We Shall Not be Moved
By Ruby Crabbe

(Used by permission from the Old Huntsville Magazine.)

When I was a youngster growing up in Dallas Village, so many things happened it would be hard for me to remember them all. But some events I'll never forget, like the "Famous Strike" at Dallas Textile Mills.

The picket line in front of the mill was long and the strikers were tired. Some of them carried large banners proclaiming the strike and warning people not to cross the picket line. I can't remember who all took part in cooking food for the strikers but I do know that my mother, Josie Allen, did. My step Dad, Mr. Lonnie Allen, took part in the cooking also.

Every day at noon he and Mama would fix hamburgers and coffee for the strikers. Now when I say hamburgers - I mean it would be such a large sack full it would be hard for us kids to even carry. Plus, we carried a pot that held three or four gallons of hot steaming coffee.

I remember one night several of the union members had a meeting at this certain house. During the meeting someone spoke up and said, "Boy, what would I give right now if I had all the good fried chicken I could eat!" At that remark the lady of the house got up and excused herself from the meeting.

It wasn't long before the odor of good fried chicken just filled the house.
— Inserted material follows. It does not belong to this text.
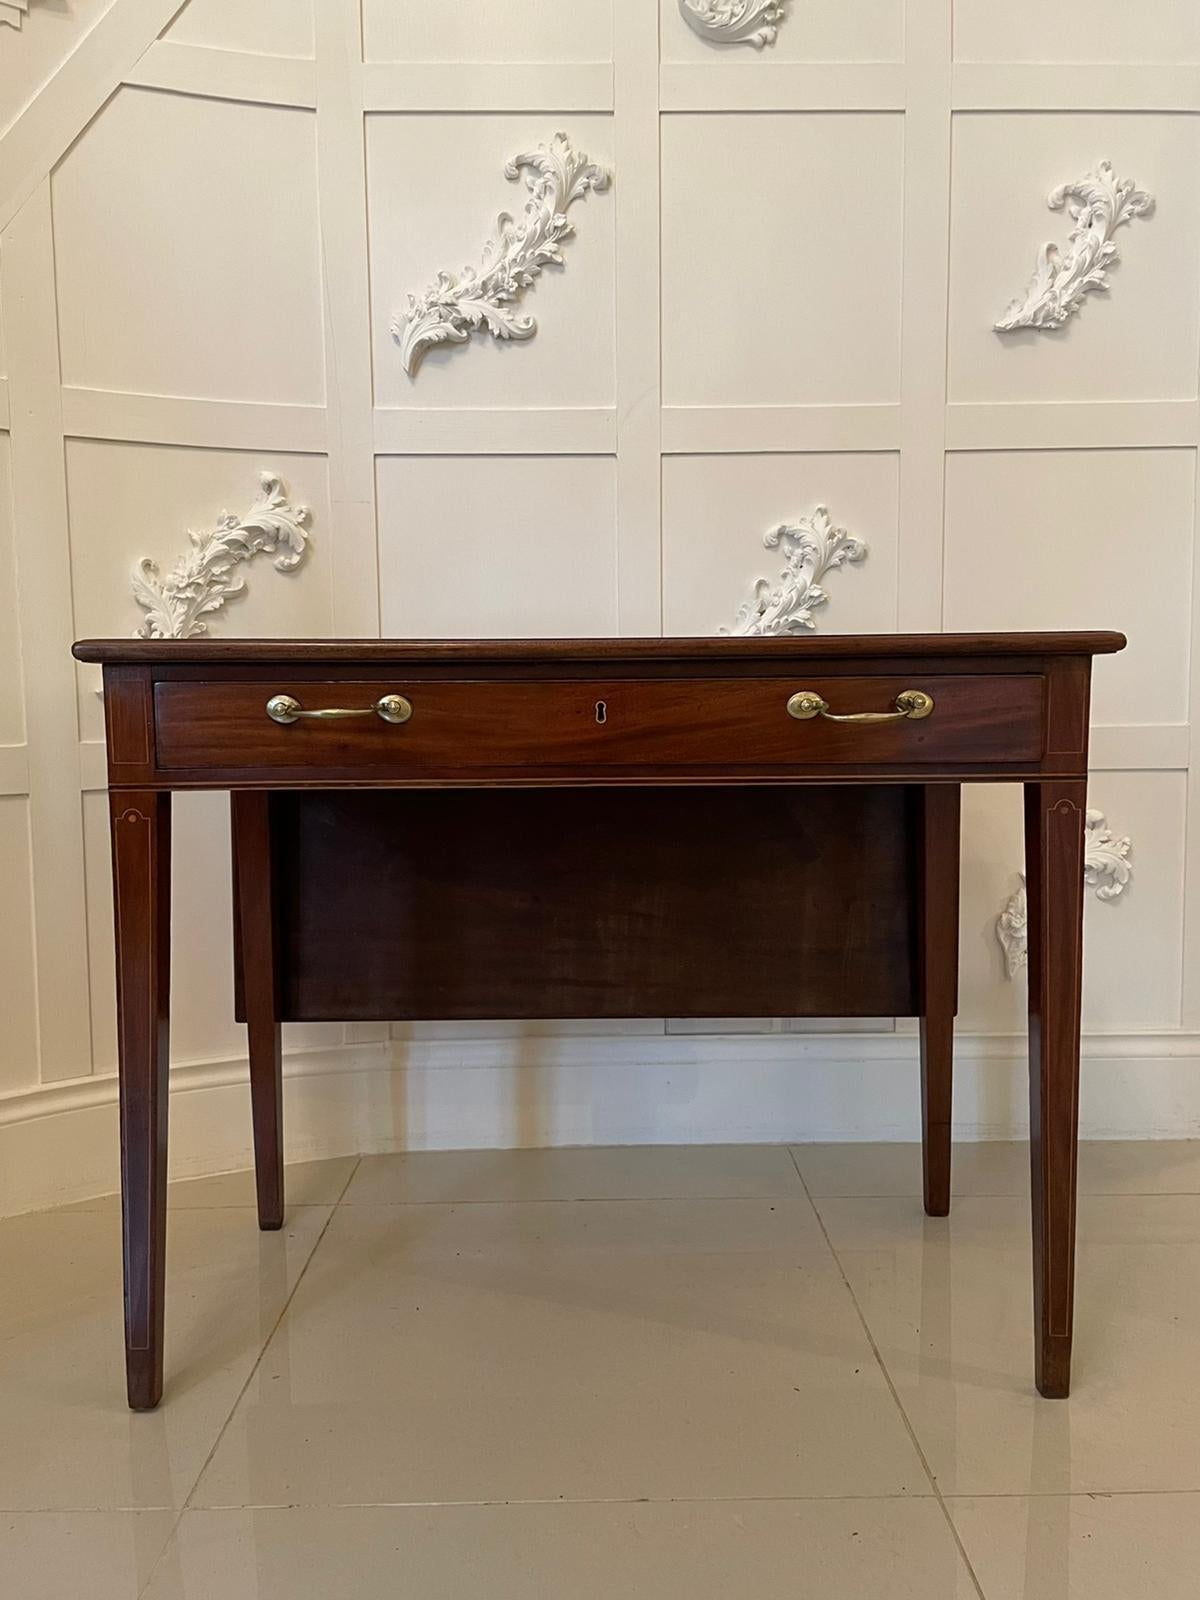 Antique 19th century George III inlaid mahogany drop leaf side table having a marvelous mahogany top with a drop leaf, one long drawer with pretty inlay and original brass handles. It stands on two inlaid square tapering legs to the front and two

It appeared that three good-sized fryers had been roosting on a water pipe right outside the back door. Don't know whose chickens they were but they were never seen again on the roost.

I remember the union members and the nonunion members having a little get-to-together on 5th Street, now known as Andrew Jackson Way. The union members were on one side of the street, the nonunion members on the other. On the union side a large platform had been erected, and on top of it was what appeared to be a machine gun. Don't know if it was the real thing or not, but a lot of the people didn't hang around long enough to find out. And on top of that platform stood Bill Jaco. He was singing loud and clear, "We shall not be moved." That song generated a lot of angry offensive yells, but did that bother Brother Bill? No, it only made him sing louder and louder, "We Shall Not Be Moved!"